-- GIVEN RECORDS follows --

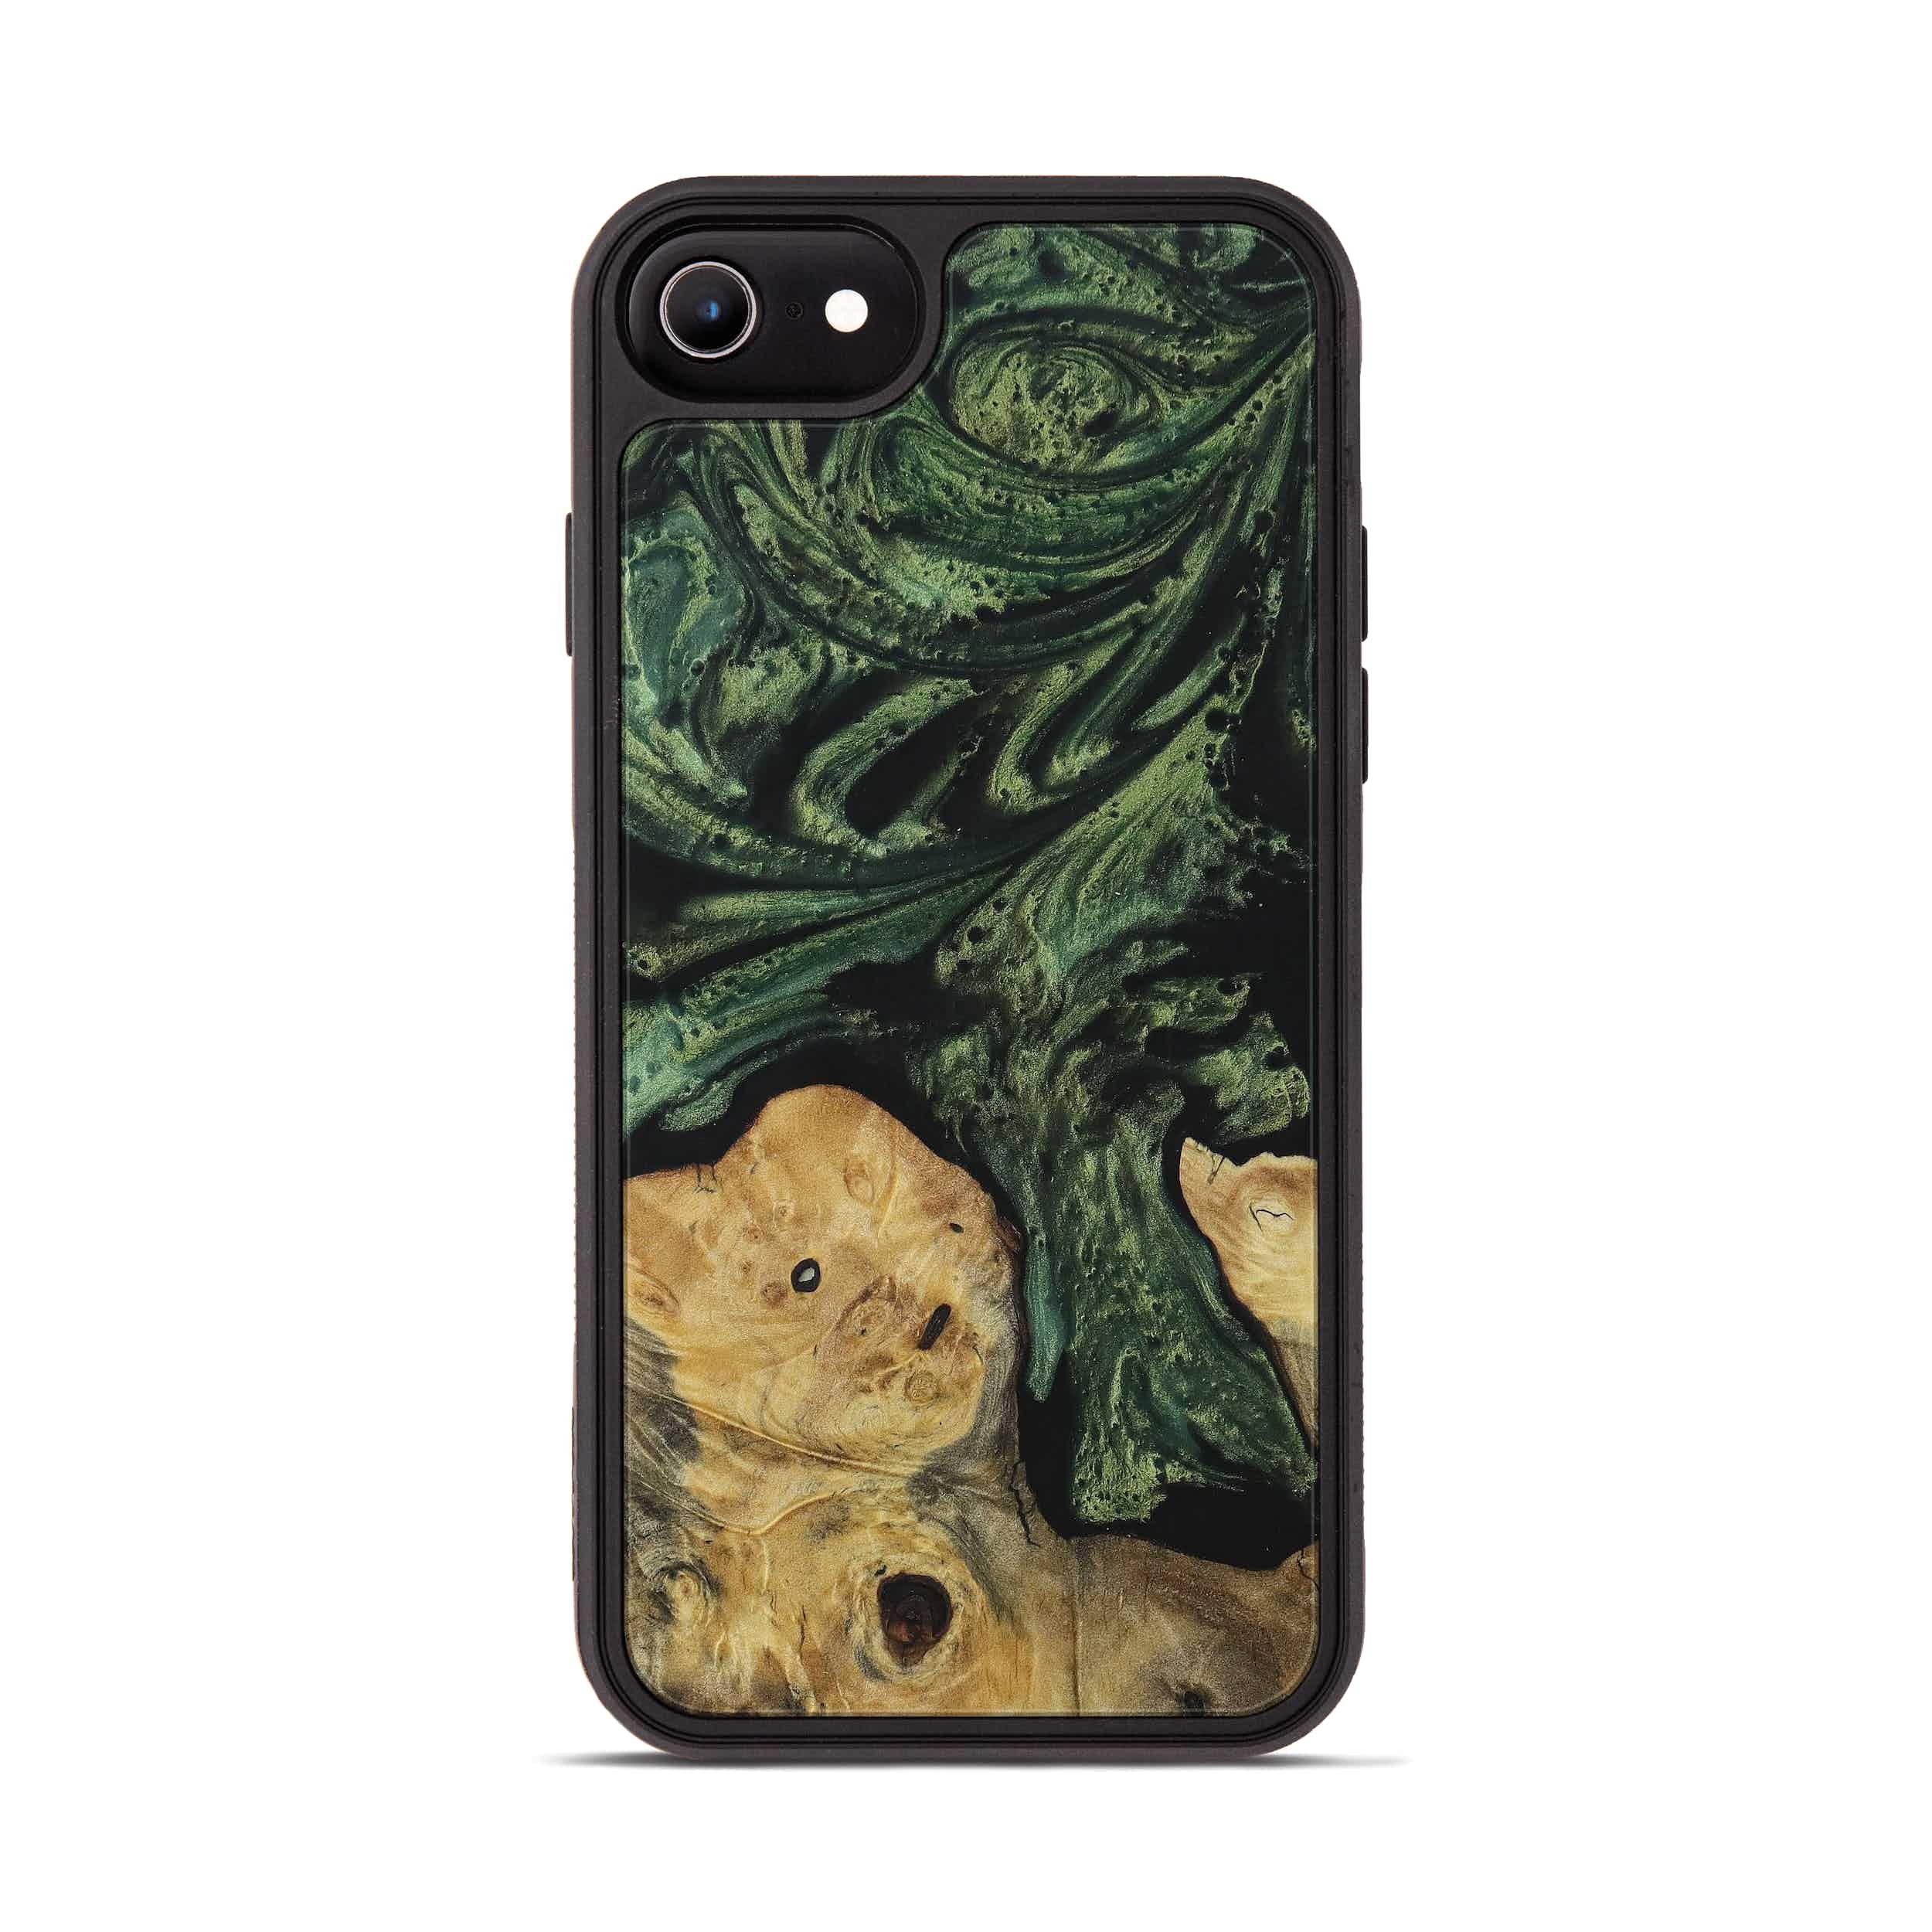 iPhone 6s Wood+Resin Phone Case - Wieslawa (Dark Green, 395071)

-- GIVEN RECORDS concluded --
-- GIVEN RECORDS follows --

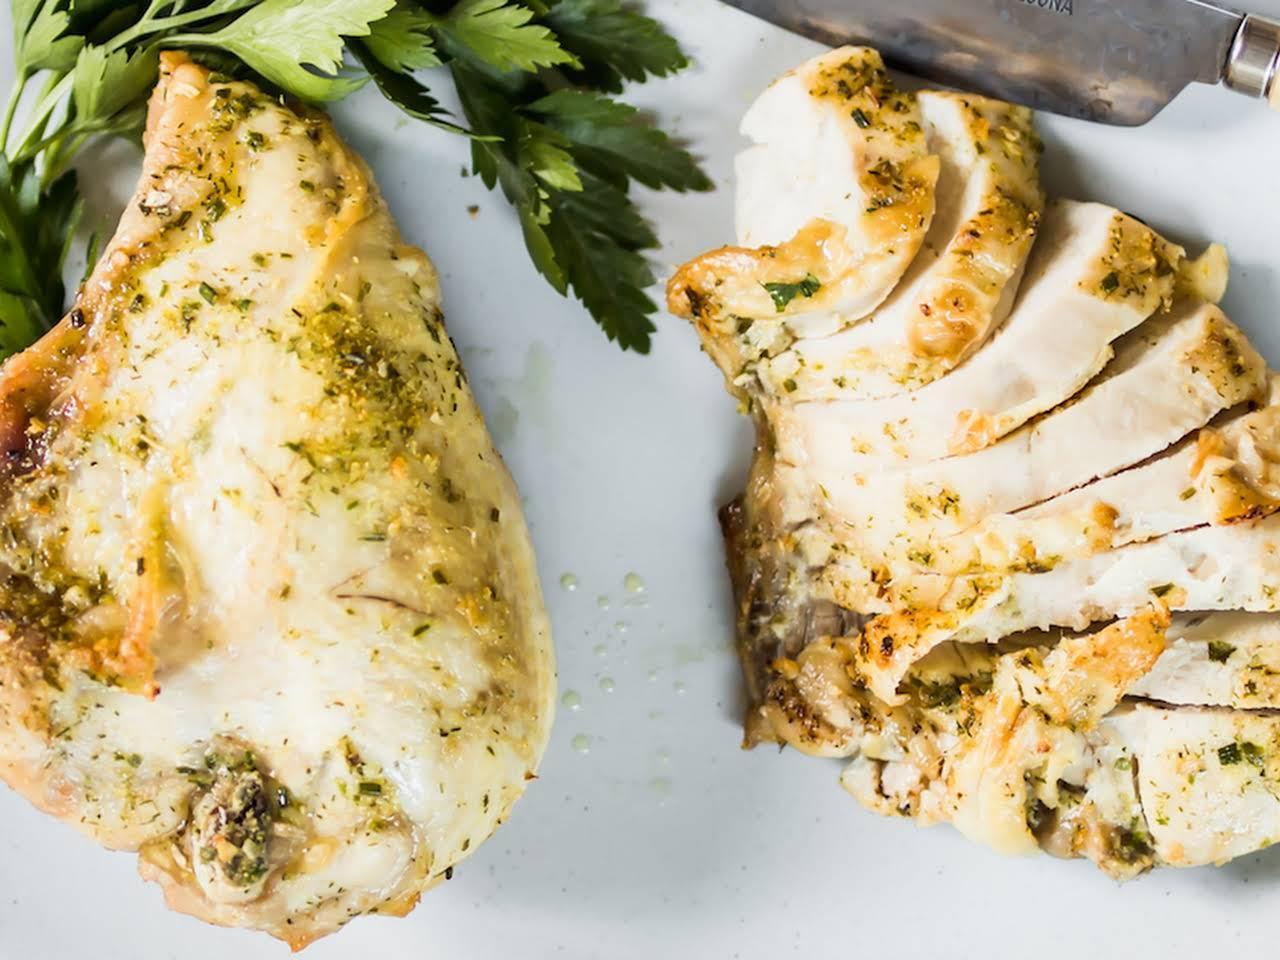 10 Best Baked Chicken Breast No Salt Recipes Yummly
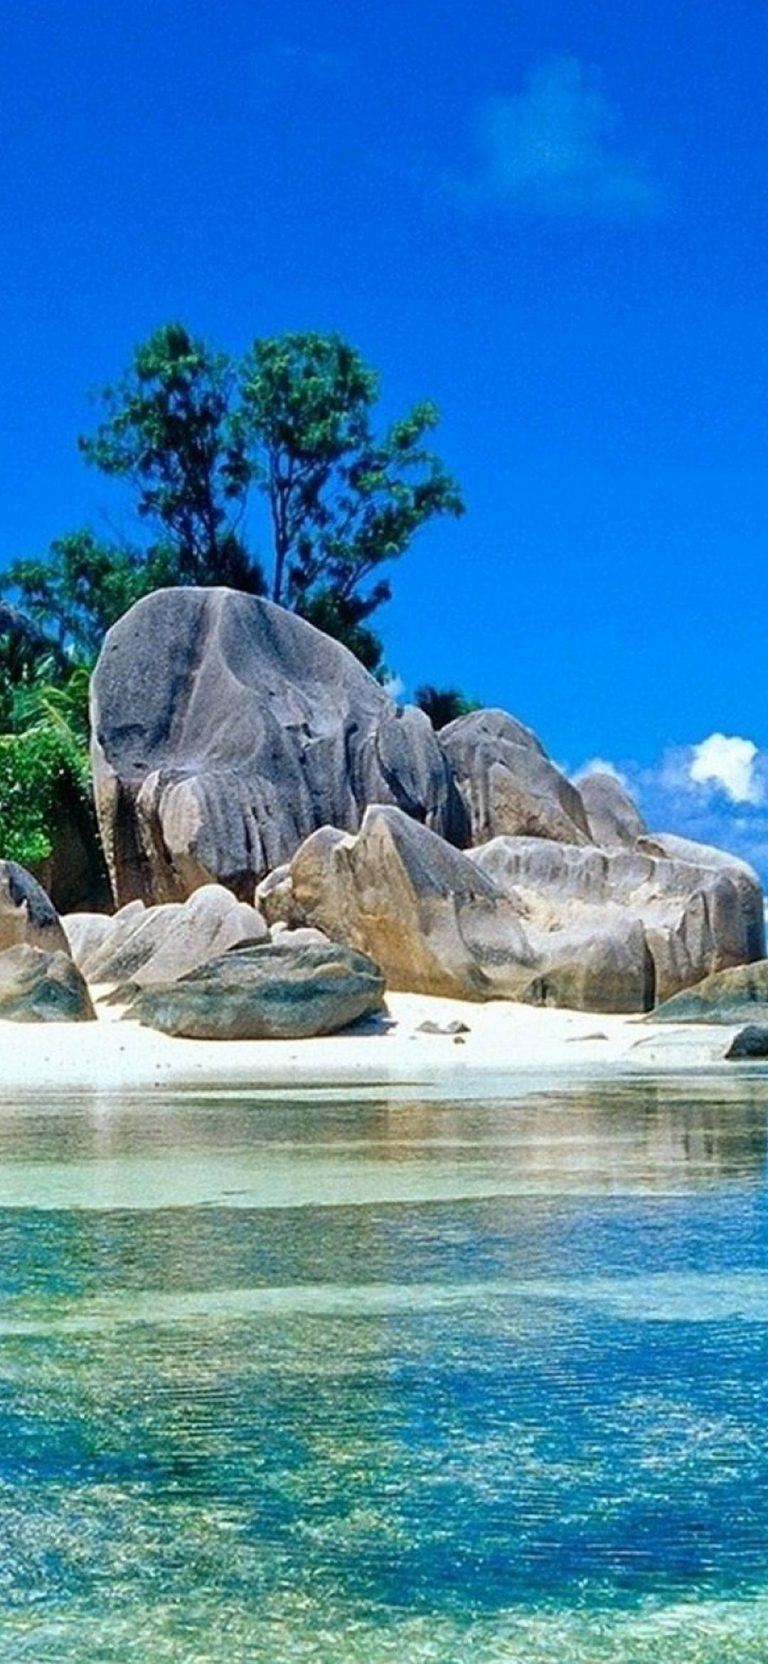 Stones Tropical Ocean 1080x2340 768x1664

-- GIVEN RECORDS concluded --

__EXERCISE BRIEF__
Within the listing above, print exactly the stretch beginning at the line that contains "10 Best Baked" and finishing at the line that contains "Stones Tropical Ocean 1080x2340 768x1664", ends kept, pictures left out, and nothing more.

__YOUR RESPONSE__
 10 Best Baked Chicken Breast No Salt Recipes Yummly
 Stones Tropical Ocean 1080x2340 768x1664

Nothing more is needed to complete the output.